Stephanie the sad part is you had to write such this post.  Likes, Facebook friends, etc., are real people and double checking your message or the intent should always occur before hitting the send button.  I believe the more people hide behind the social media current and the less time they spend socializing face to face they tend to forget why they are posting their opinions or thoughts.

Comment by Stephanie Young on October 23, 2012 at 11:35am

Marsh...and this is why you are one of my bandmates!!!!  Thank you for summing it up.  Take it to the source and not to the media.  I like it!!!

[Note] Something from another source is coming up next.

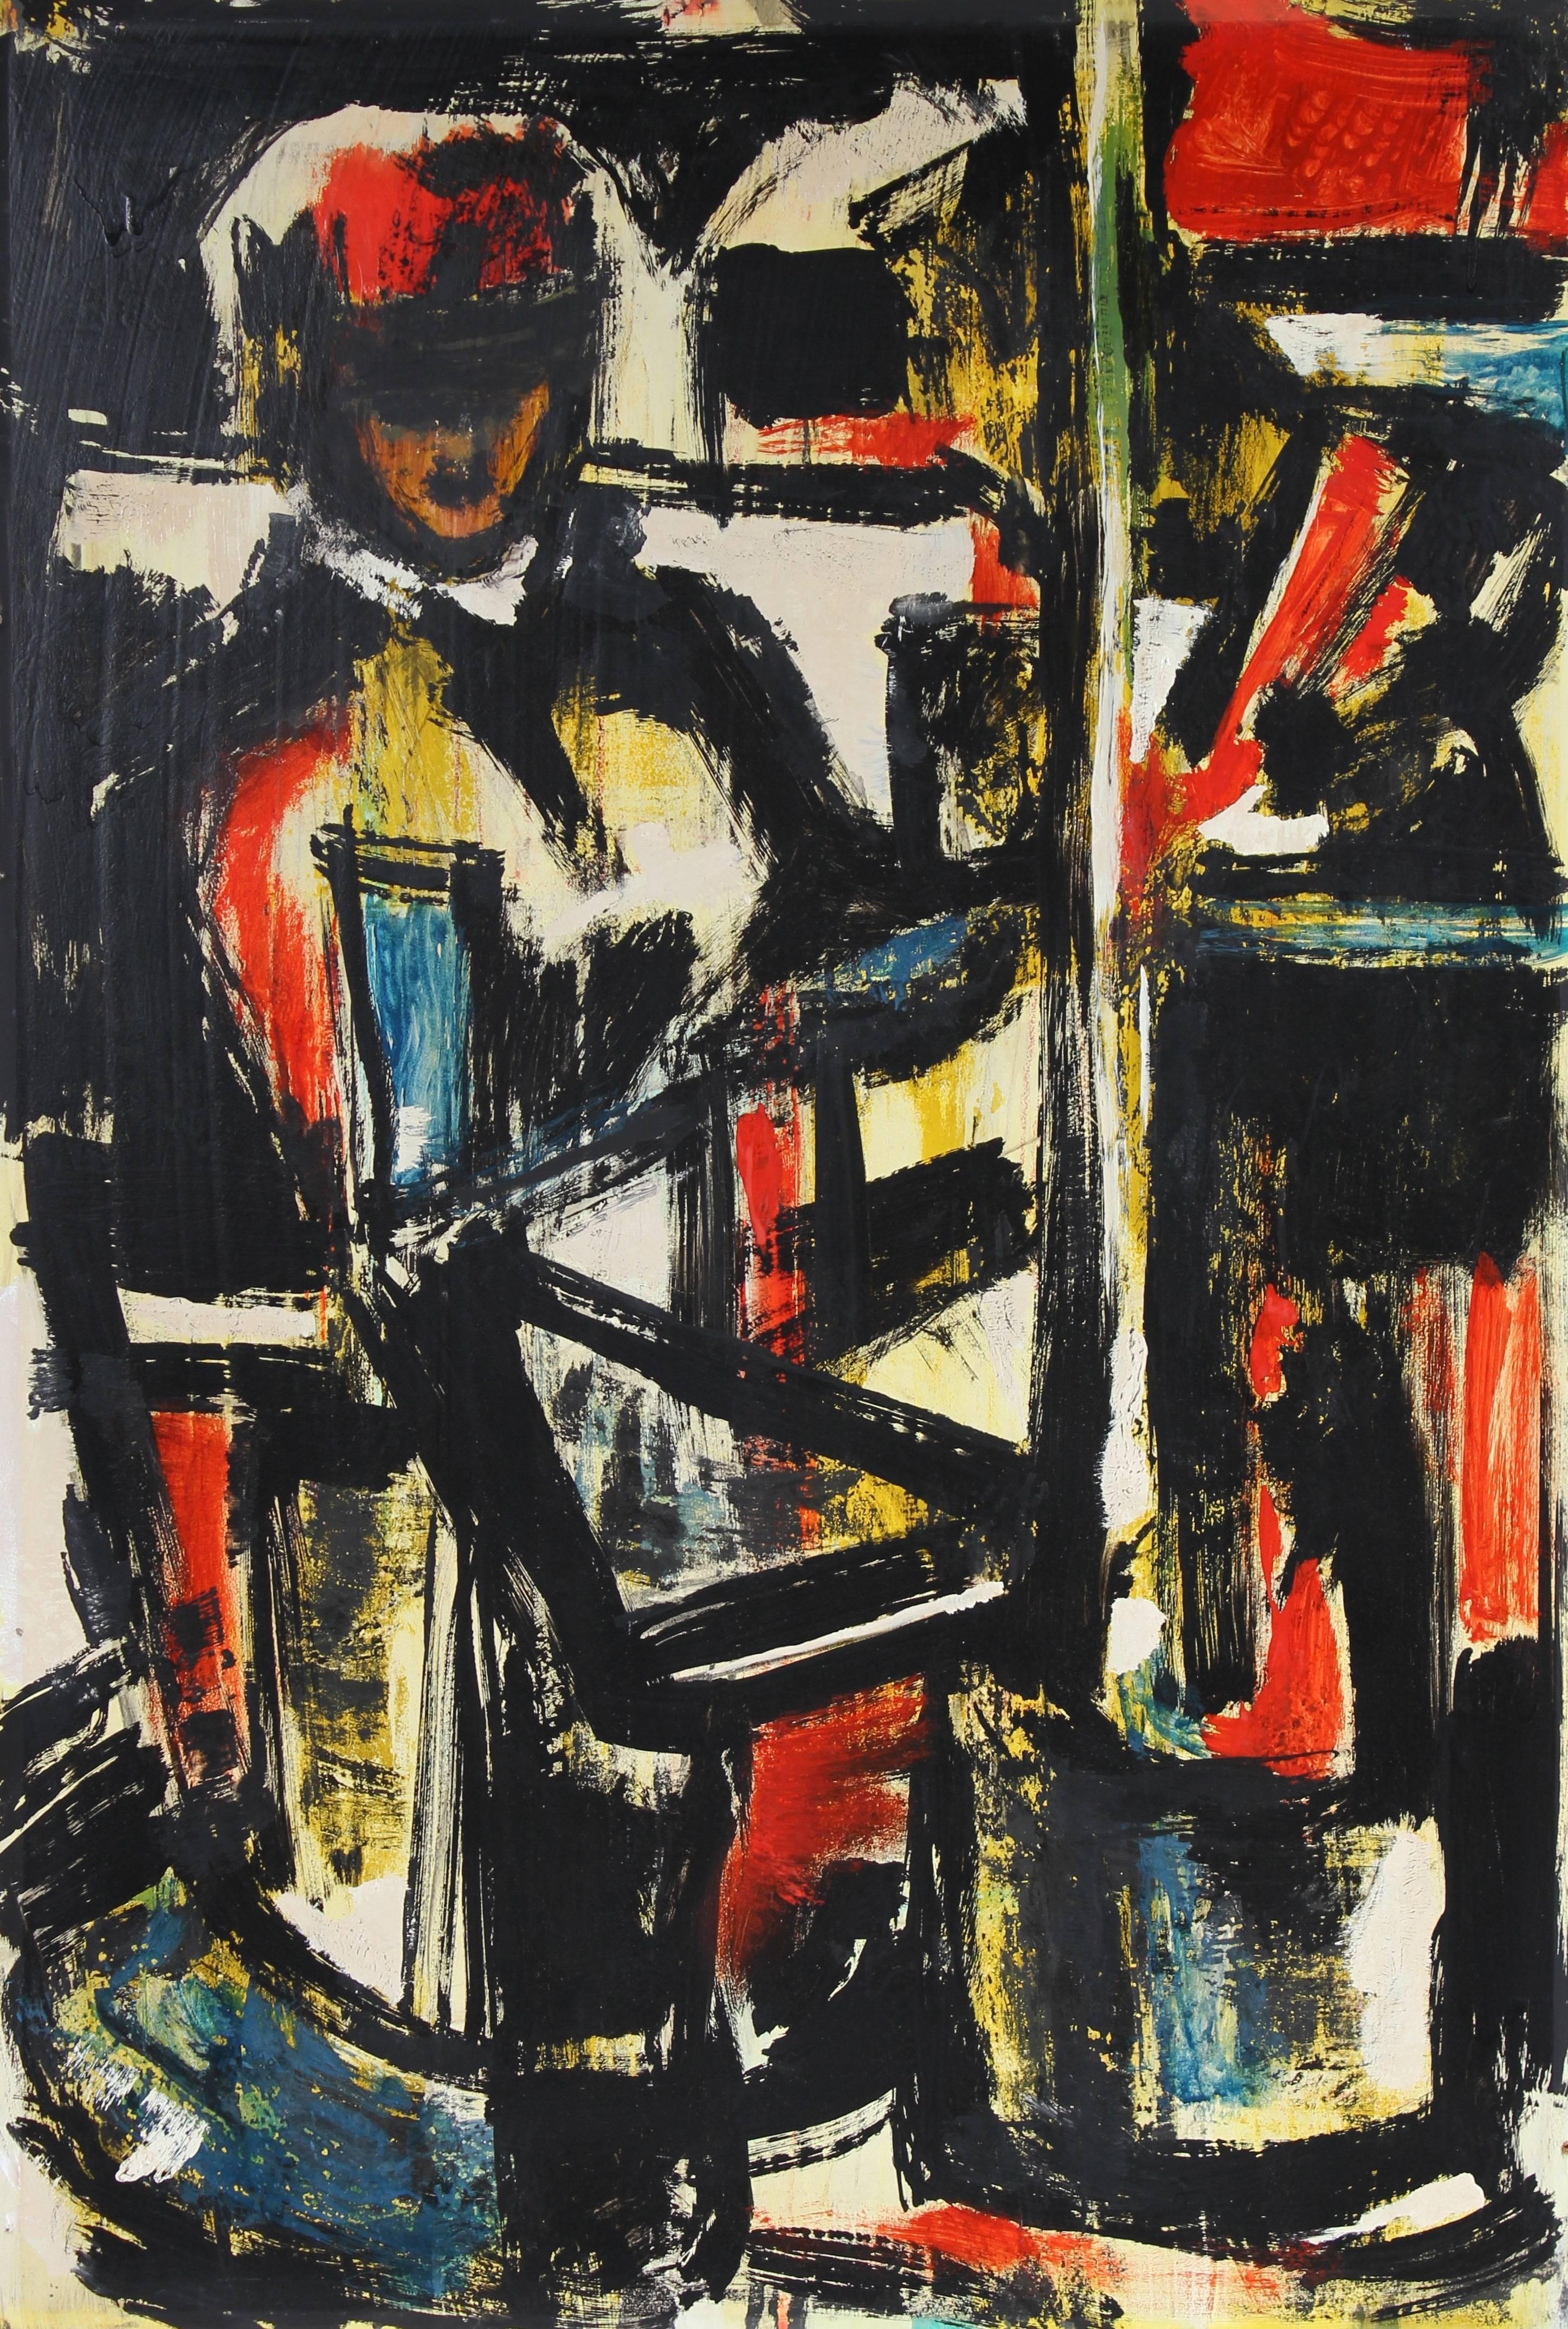 Mid Century Expressionist Portrait Painting, Circa 1950

Comment by Stephanie Young on October 23, 2012 at 9:49am

Nancy, thank you for your support.  It is sad that somehow we have become disconnected, because we have the option of saying something without having to personally look someone in the eyes to do it.  This might be a negative comparison, but Social Media allows us to drop the bomb on someone without having to see the harm it can cause.

Comment by Nancy Simmons on October 23, 2012 at 8:14am

Nice post Stephanie!  I am with you on this 100%.  People have feelings on line too... Thanks for the reminder...Sad that this even has to be said!

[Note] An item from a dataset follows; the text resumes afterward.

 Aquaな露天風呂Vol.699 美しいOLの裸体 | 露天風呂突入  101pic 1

Comment by Stephanie Young on October 23, 2012 at 6:48am

Tom, you are so absolutely in "touch" with the truth.  Social Media has become the world soap box.  With just a few words, our message can get networked out to the masses...for good or for bad.  Very little of what I write gets comments or a thumbs up, but I have seen my content forwarded, passed along, pushed to other channels, quoted by another blogger or even used as a resource.  I am always so surprised by where my thoughts turn up, the audiences they reach and the impact they can have. 

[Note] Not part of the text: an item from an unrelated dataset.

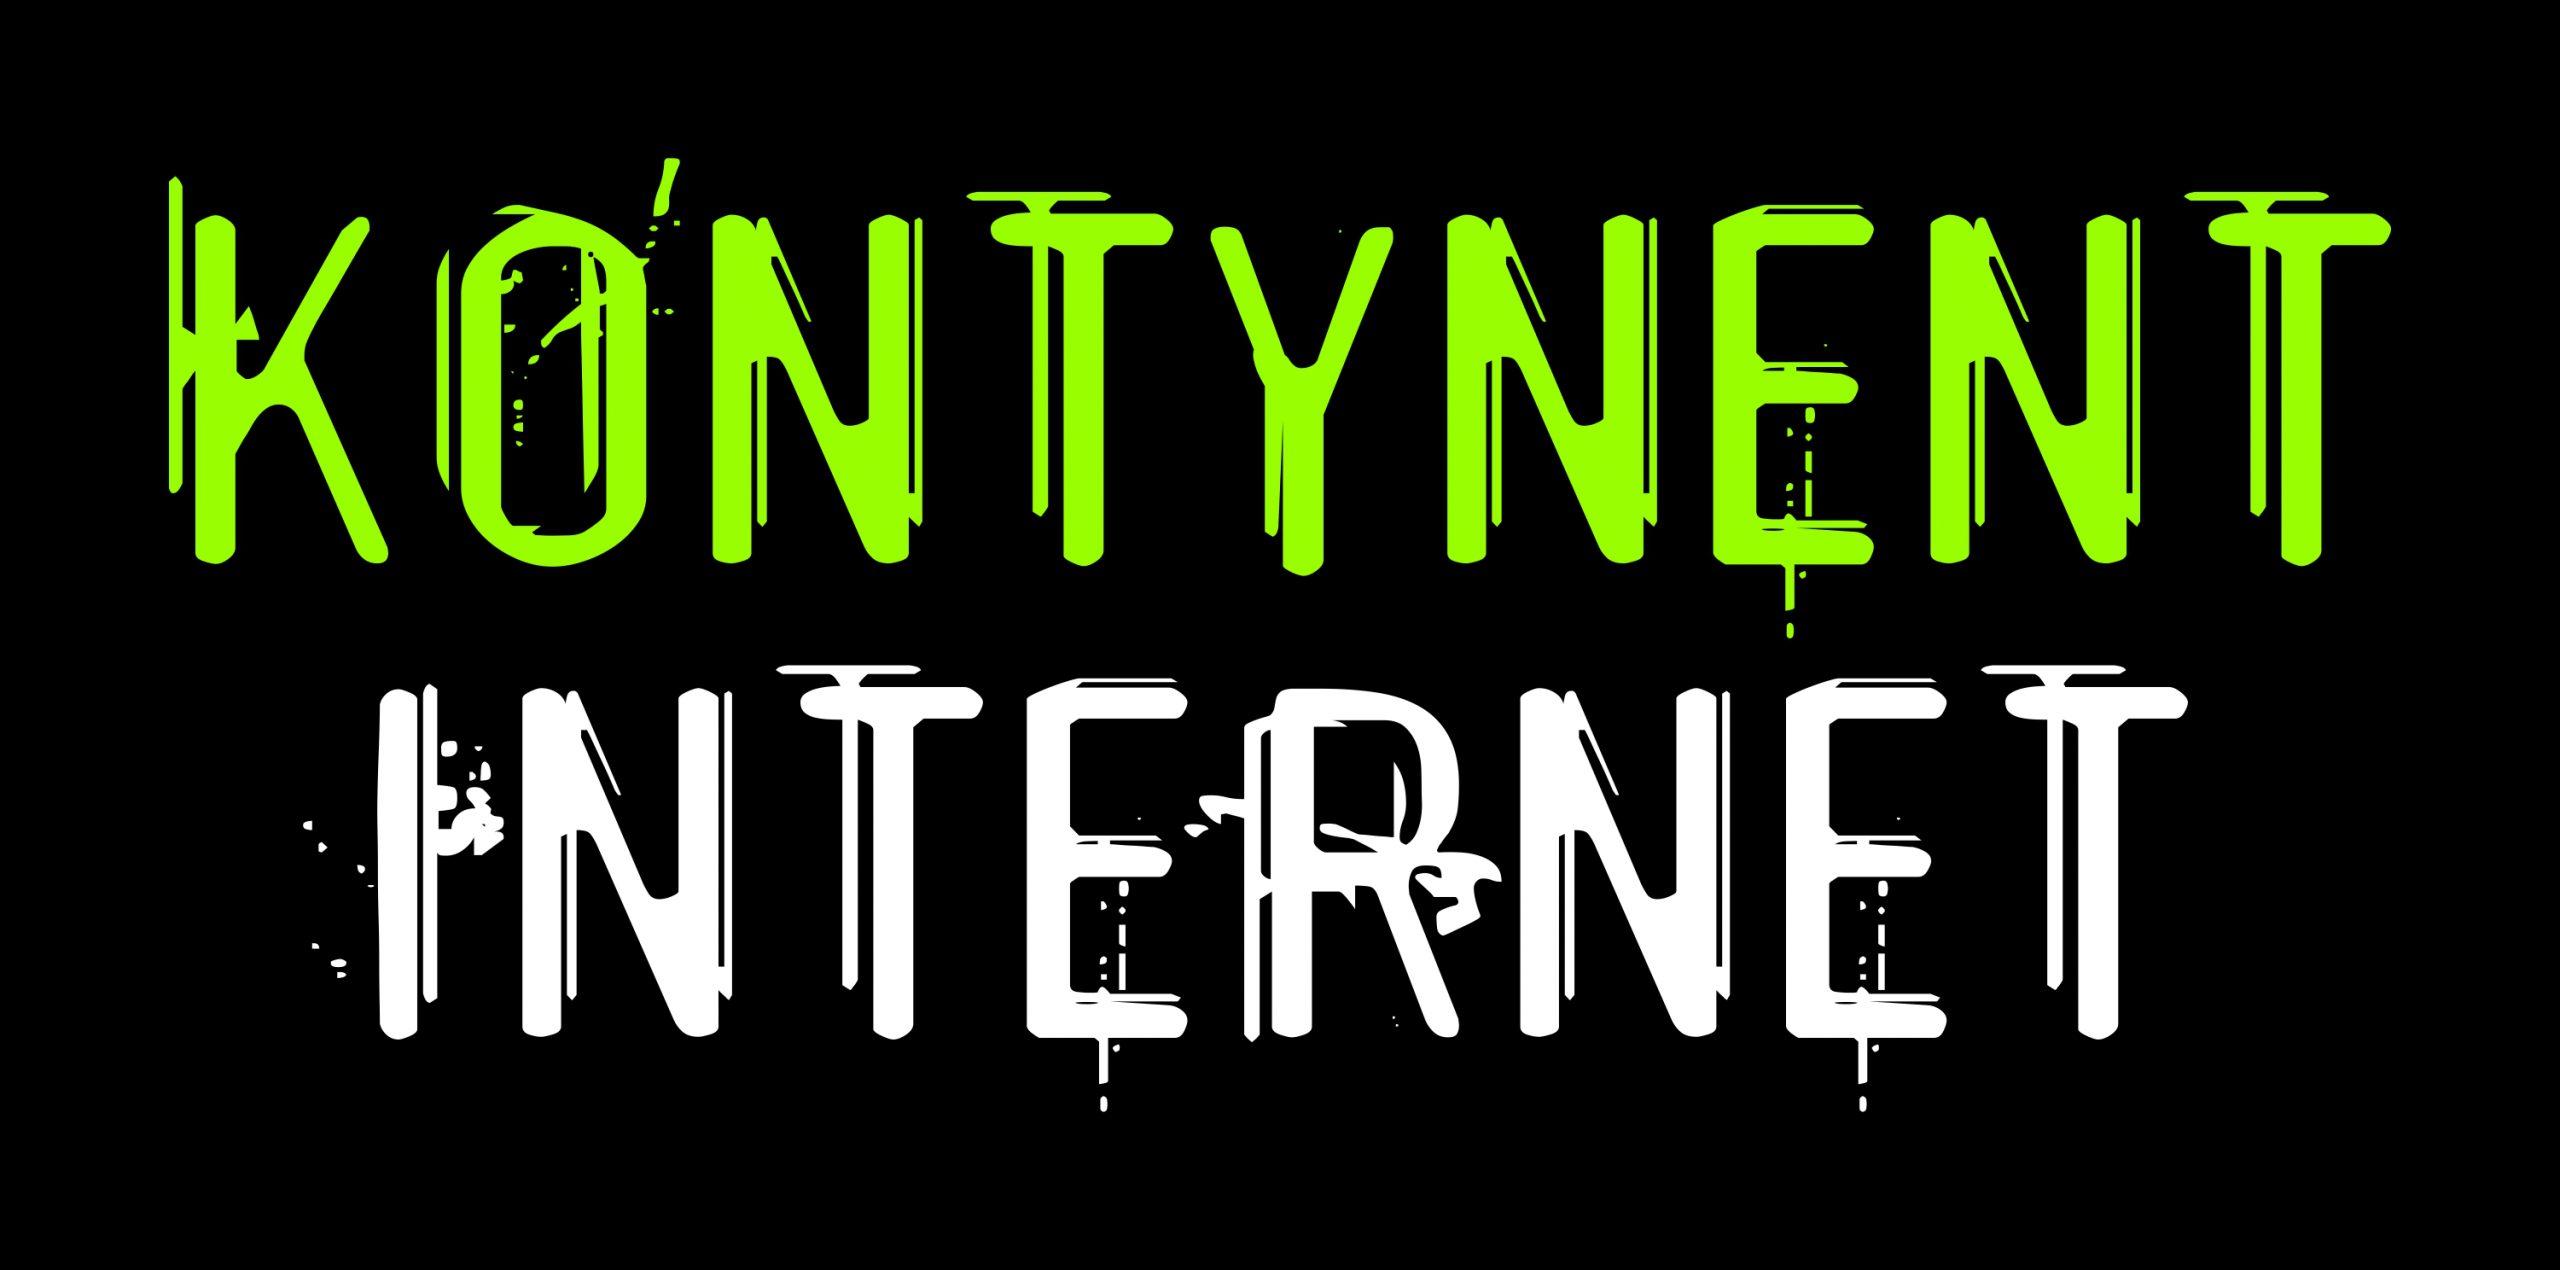 logo KONTYNENT INTERNET

One a personal note, congrats on the editor position!!!!  I do enjoy your take on things and how your words have made me think a little bit outside of expectations. 

Comment by Stephanie Young on October 23, 2012 at 6:37am

Ralph, thank you for your comment.  Sometimes I am questioned why I am so silent from time to time on social media channels.  My usually answer is, "I really just don't have anything to say that I think would make a difference today."  Of course I have posted things with the best of intentions and made a flop of myself.  I often questions myself as my cursor hoovers over the post button "Who cares?"  If I can think of a few people this information can impact in a positive way, I click post.  If not, I delete it.  My goal is to be a contributing member of my community and not "Prom Queen" or "The Girl With the Biggest Mouth".  Ralph, you do post some great content...even if I don't always comment.  (smile)

Comment by Tom Gorham on October 22, 2012 at 8:17pm

I have seen the same types of posts and wondered why, as you did.  But like you, I am not sure and inactive friend is not worthy.  I think about all the people that read posts on ADM but don't comment.  You write a post and get maybe a few comments or quite a few if you're lucky.  But you might notice that 300 of your industry peers read it.  I've found out long after the post that it affected someone in a positive way and they remembered it.

Your mention of "touch" reminded me of a long forgotten post I wrote before I was an editor here on ADM.  It was called "The People We Touch".  It got just 11 reads. But it might sound familiar.

"What every dealer, manager, salesperson, and service writer should understand today is that is all about the people we touch with our communications, marketing, and interactions. With the Internet and digital communications, we have ALL become public figures. One slip of the tongue, one poorly written email, or one thoughtless text can become headline news the next minute."